Exercise description -> Below is a listing. Quote from it, exactly, the lines from the one containing "Franzensbad | 360° HDR Panorama" down to the one containing "Definidas las semifinales", both ends included, and nothing else.

**** Data for this task

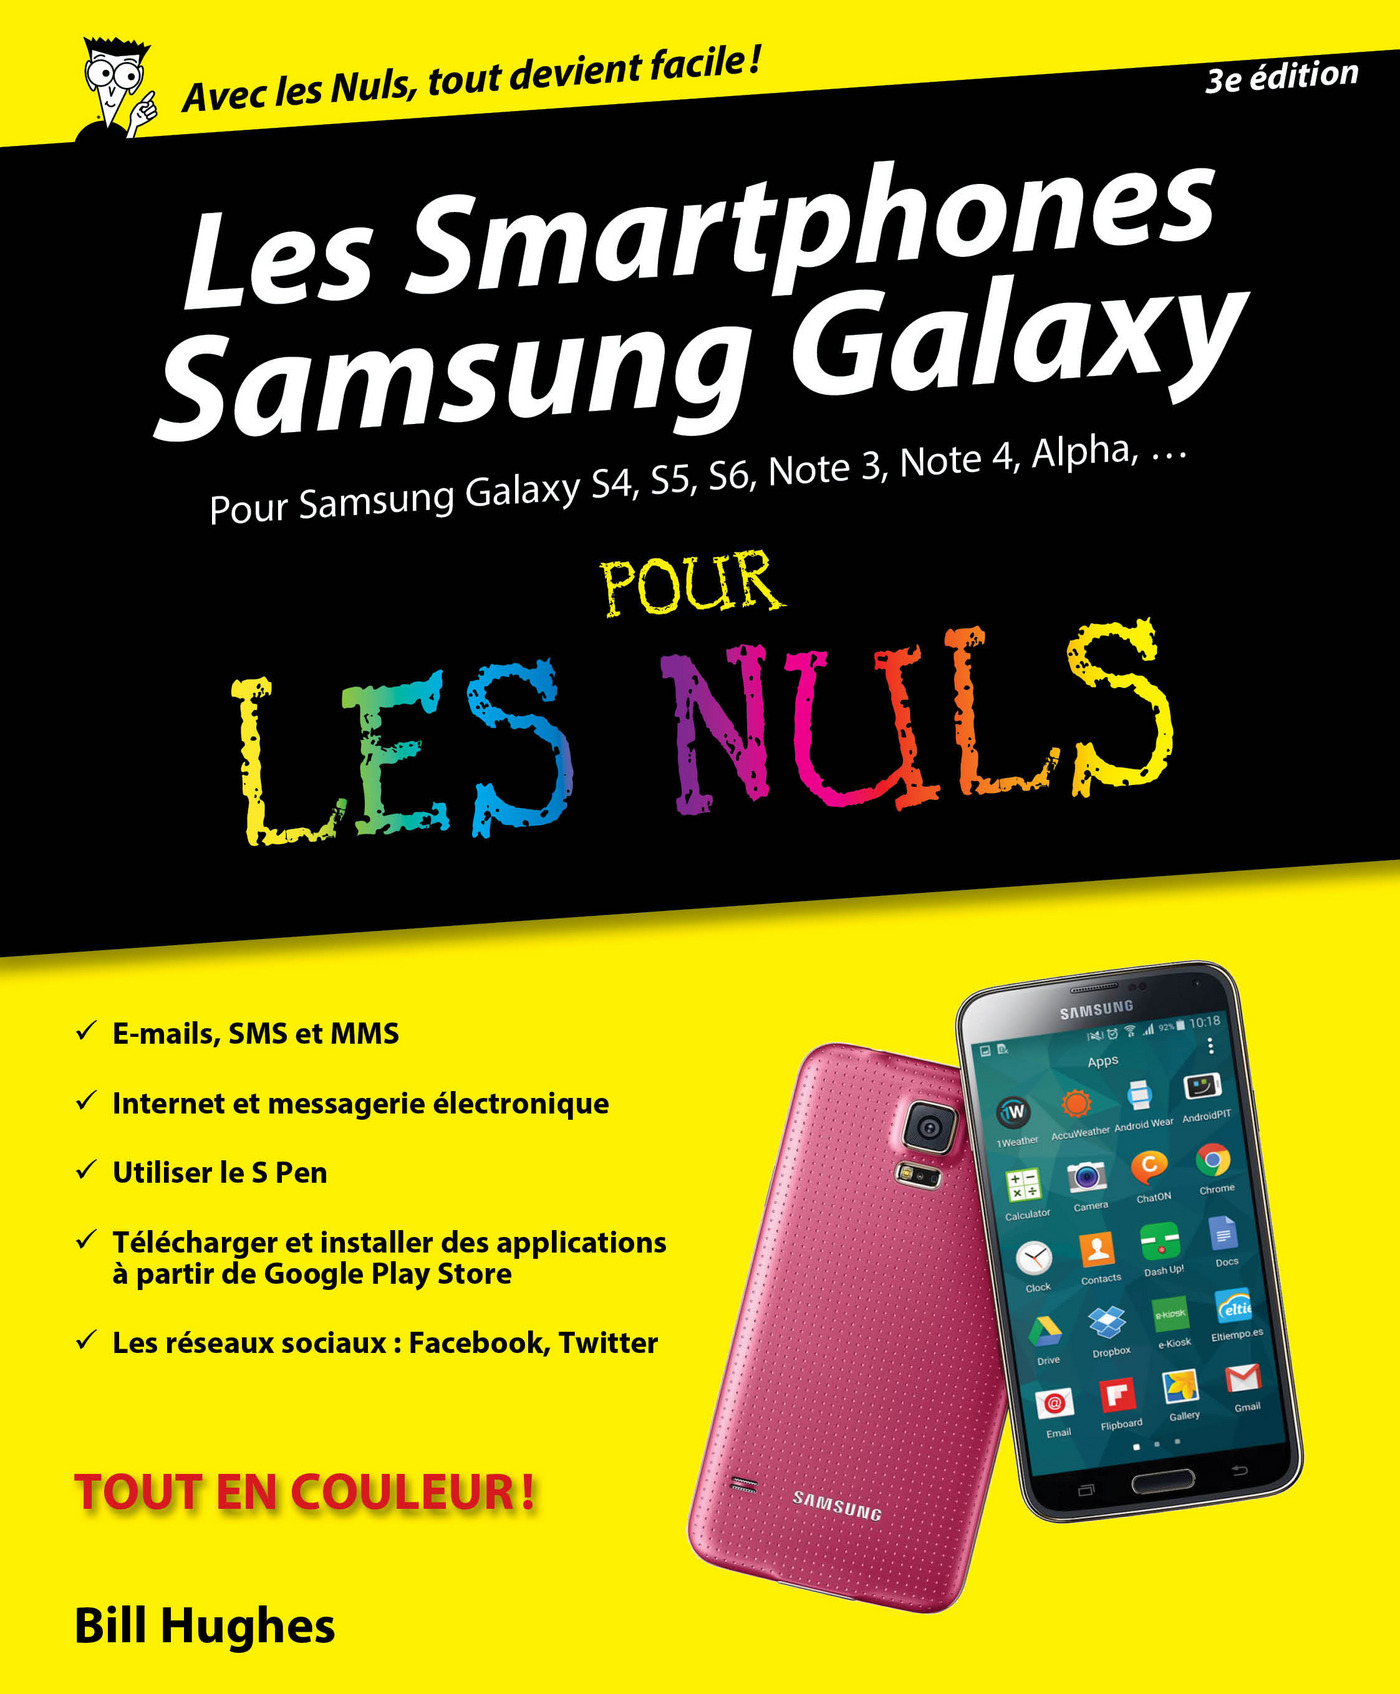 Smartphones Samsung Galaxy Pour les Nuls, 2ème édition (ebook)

********
**** Data for this task

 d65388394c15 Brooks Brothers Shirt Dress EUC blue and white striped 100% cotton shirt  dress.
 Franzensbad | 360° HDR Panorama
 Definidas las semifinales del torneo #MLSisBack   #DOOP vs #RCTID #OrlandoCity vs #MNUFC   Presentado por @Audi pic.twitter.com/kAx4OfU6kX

********
**** Data for this task

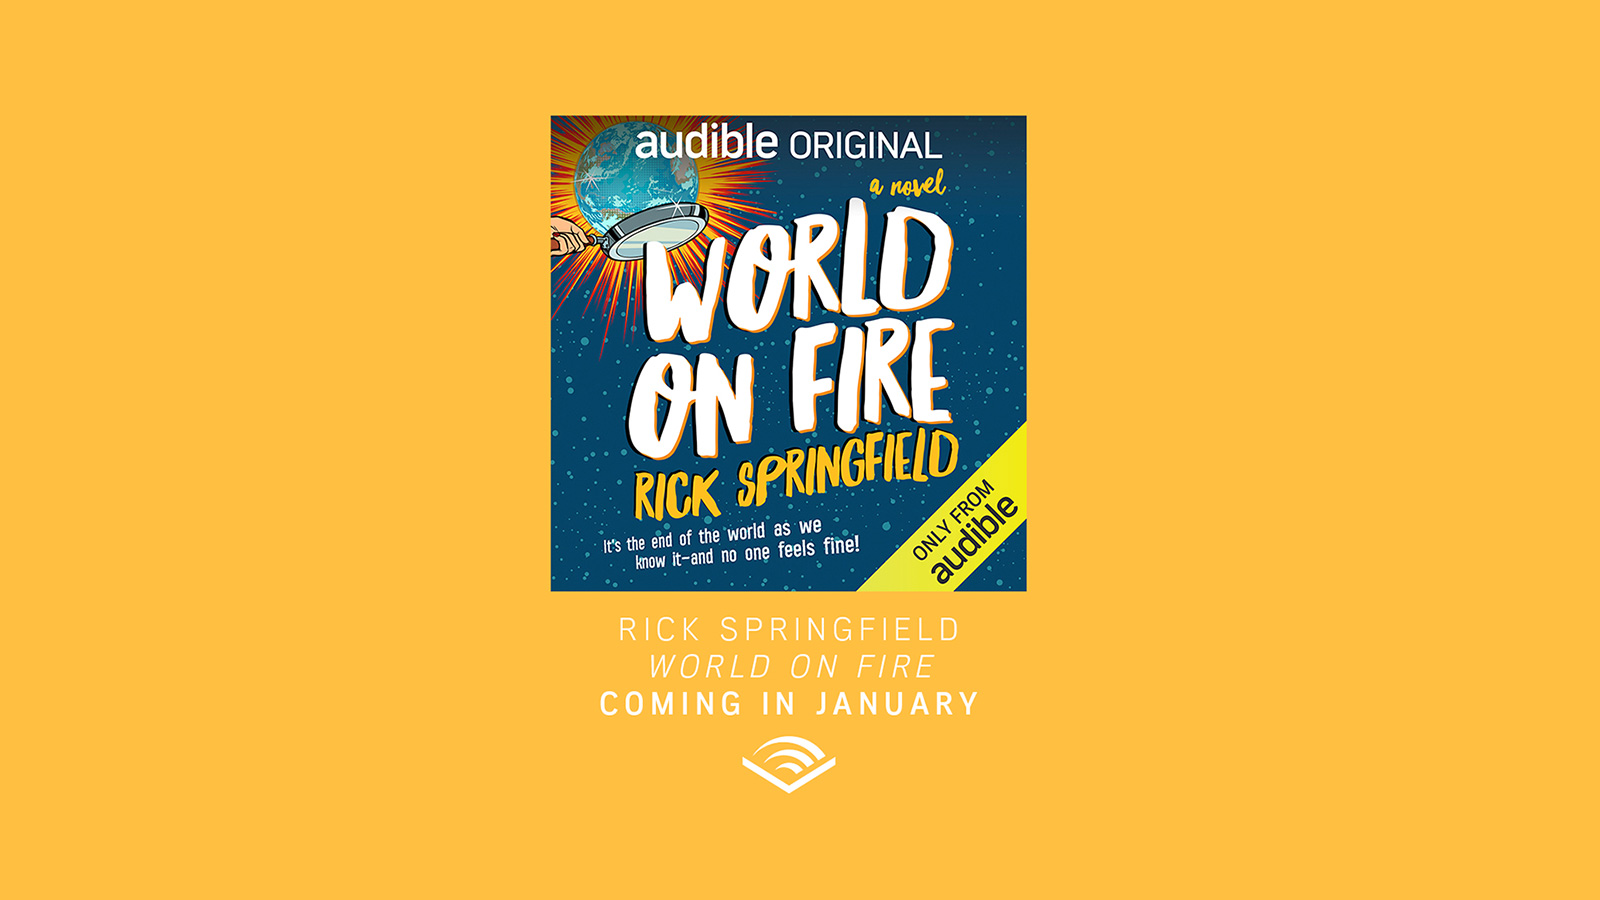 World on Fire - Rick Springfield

********

Expected answer ->
 Franzensbad | 360° HDR Panorama
 Definidas las semifinales del torneo #MLSisBack   #DOOP vs #RCTID #OrlandoCity vs #MNUFC   Presentado por @Audi pic.twitter.com/kAx4OfU6kX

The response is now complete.